C. Exploiting Network Metrics for Routing
Most of the routing protocols in MANET’s use “hop number” as a metric for classifying the routing protocols. This means that if multiple routes are available for the same path, then the path with lowest hop number will be considered. If all wireless links in the network have the same failure probability, short routing paths are more stable than the long ones and can obviously decrease traffic overhead and reduce packet collisions. Different mobile applications have different QOS requirements for different characteristics like packet routing and forwarding. QOS routing protocols can use metrics that are used in wired networks, such as bandwidth, delay, delay jitter, packet loss rate, etc. As an example, bandwidth and link stability are used in CEDAR as metrics for routing path construction.

D. Evaluating Topology, Destination, and Location for Routing
In a topology-based routing protocol for mobile ad hoc networks, nodes collect network topology information for making routing decisions. Other than topology-based routing protocols, there are some destination-based routing protocols proposed in mobile ad hoc networks. In a destination-based routing protocol, a node only needs to know the next hop along the routing path when forwarding a packet to the destination. For example, DSR is a topology-based routing protocol. AODV and DSDV are destination-based routing protocols.
The availability of global positioning system (GPS) or similar locating systems allows mobile nodes to access geographical information easily. In location-based routing protocols, the distance between a packet forwarding node and the destination, along with the node mobility, can be used in both route discovery and packet forwarding.

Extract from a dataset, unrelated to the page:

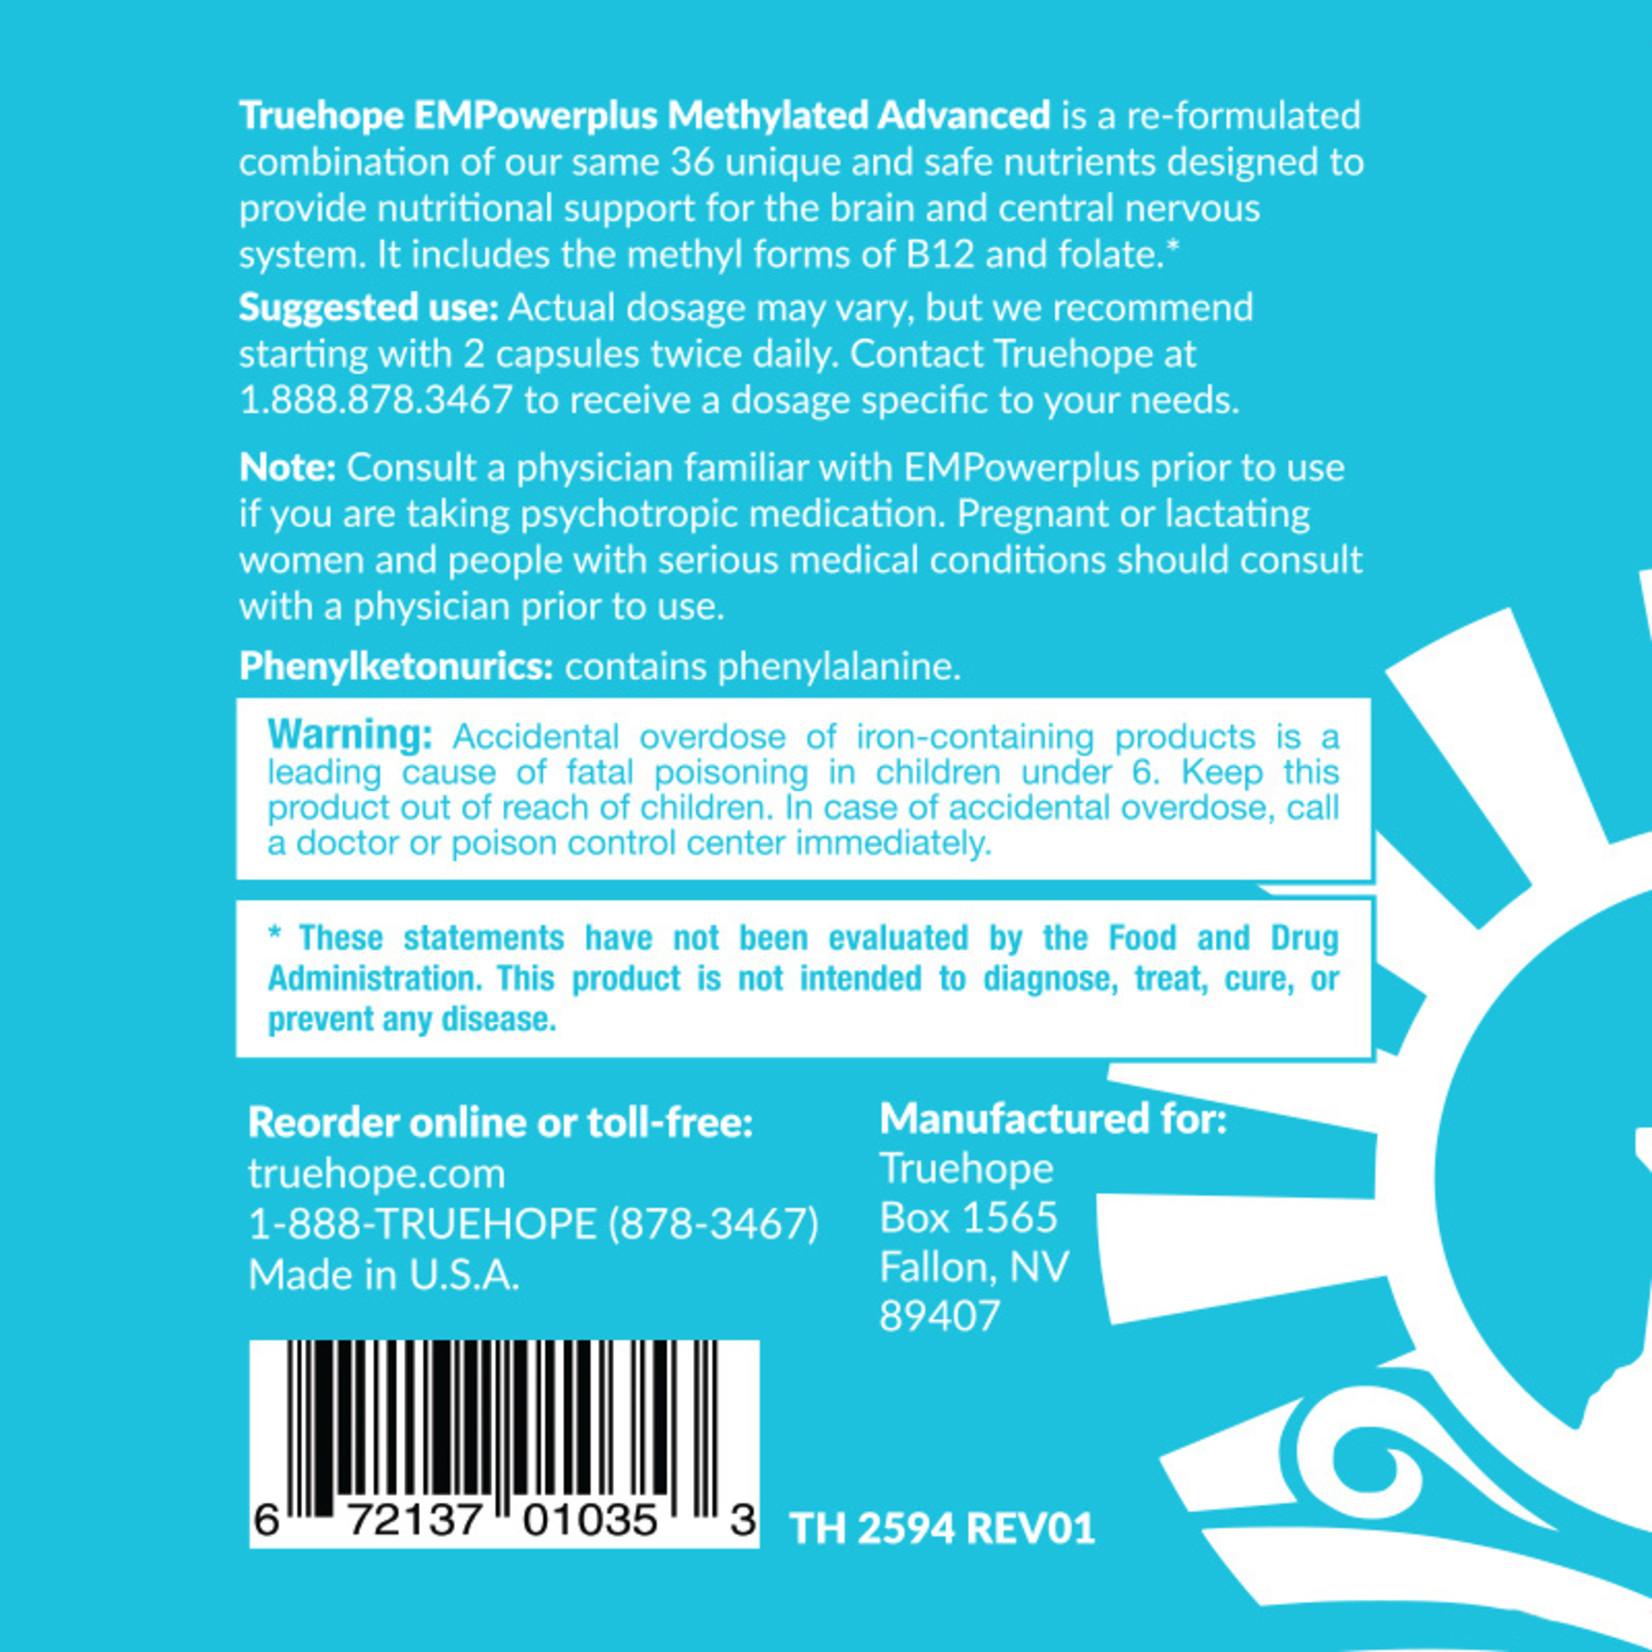 True Hope EMPowerplus Methylated Advanced

Existing location-based routing approaches for mobile ad hoc networks can be divided into two schemes. In the first case, the nodes send packets to the destination based on the corresponding node’s location information and they will not use any extra information. In the second case, the protocols use both location information and topology information. Location aided routing (LAR) and the distance routing effect algorithm for mobility (DREAM) are typical location-based routing protocols proposed for mobile ad hoc networks.